I wasn’t able to make it on Thursday to the live streaming event of the Celebration of Life for Paul Plimley. Instead, I celebrated by playing music, high on drip coffee. I’ve always been terrified of goodbyes, and the feeling of great loss, even though there could be so many wonderful memories shared by everyone. I was obligated and found it fitting to communicate to the other side by playing music.
When I first got introduced to the world of creative music improvisation, somebody told me that “you can’t just approach those professional and trained improvisors and ask them to play with you.” I was naive at the time, driven by inspiration for some kind of ideal society that I thought could be conceived through improvisation with others. I thought it was a sort of music where all that is required is your presence. By presence, I mean, not just being on the roll call, but to have autonomy, integrity, empathy, and all of those unpretentious ways of being that create real connections between human beings.

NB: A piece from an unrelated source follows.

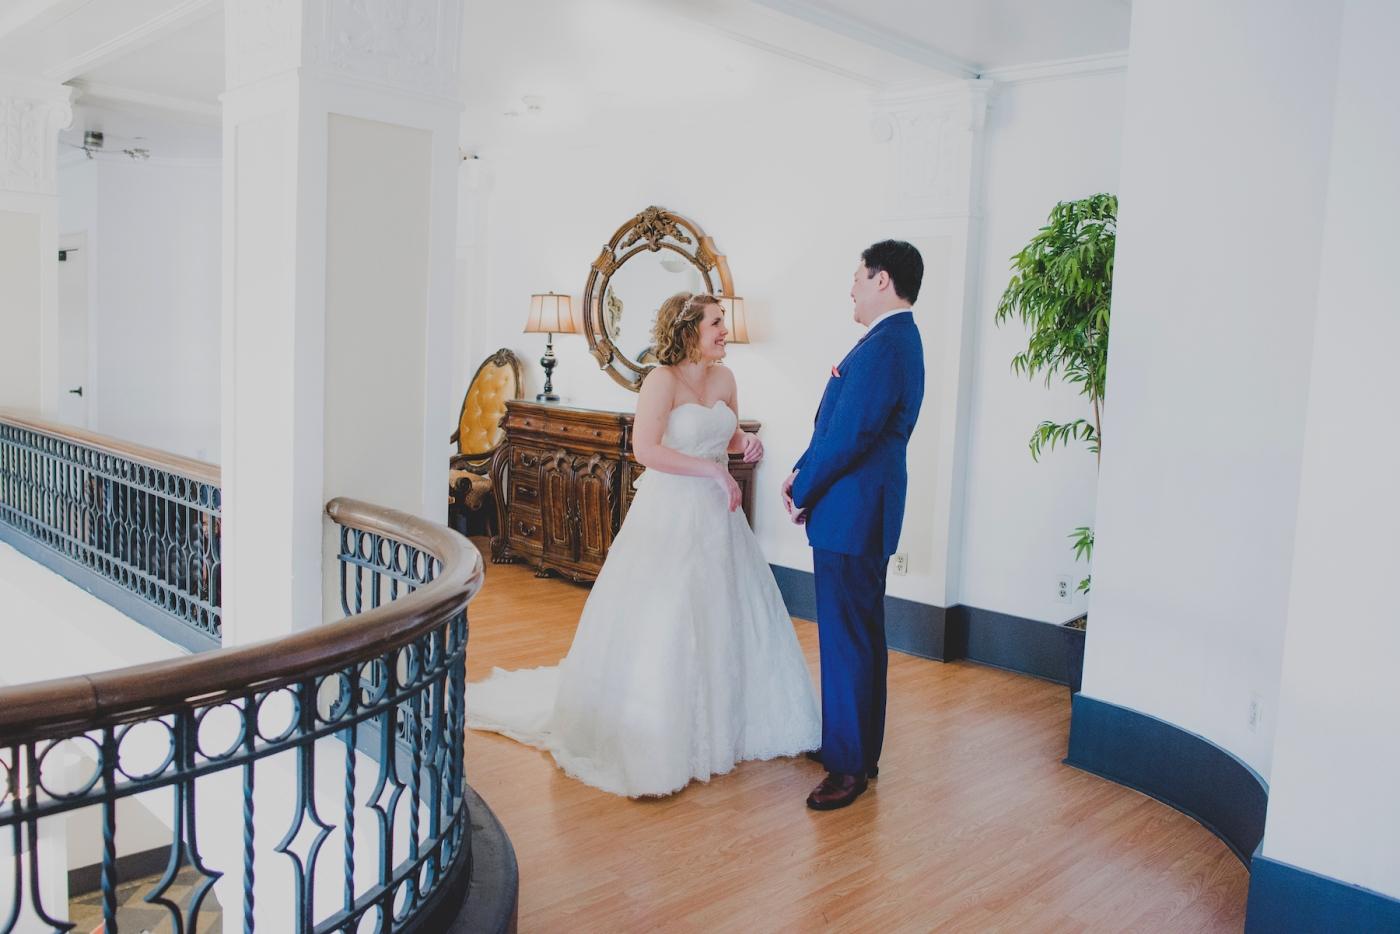 DSC_2044Everett_Wedding_Ballroom_Jane_Speleers_photography_Rachel_and_Edmund_First_look_2017

Paul Plimley was one of those impressionable human beings who could see a lot of things in people and he always had a lightness of being (in the most positive sense), a bubbly exuberance (especially after a coffee) that suggested a kind of mischievous playfulness, that, to me, he embodied that “presence” I mentioned. Because of this, it kind of proved my friend wrong about the pros being unapproachable, which is a good thing, because sometimes if I know too much about someone’s accomplishments before I know them, I become irrationally intimidated or “starstruck” in a way that turns me into a blind mute. Fortunately, there was never the possibility of that happening here, due to Paul’s engaging unpretentiousness and warm friendliness.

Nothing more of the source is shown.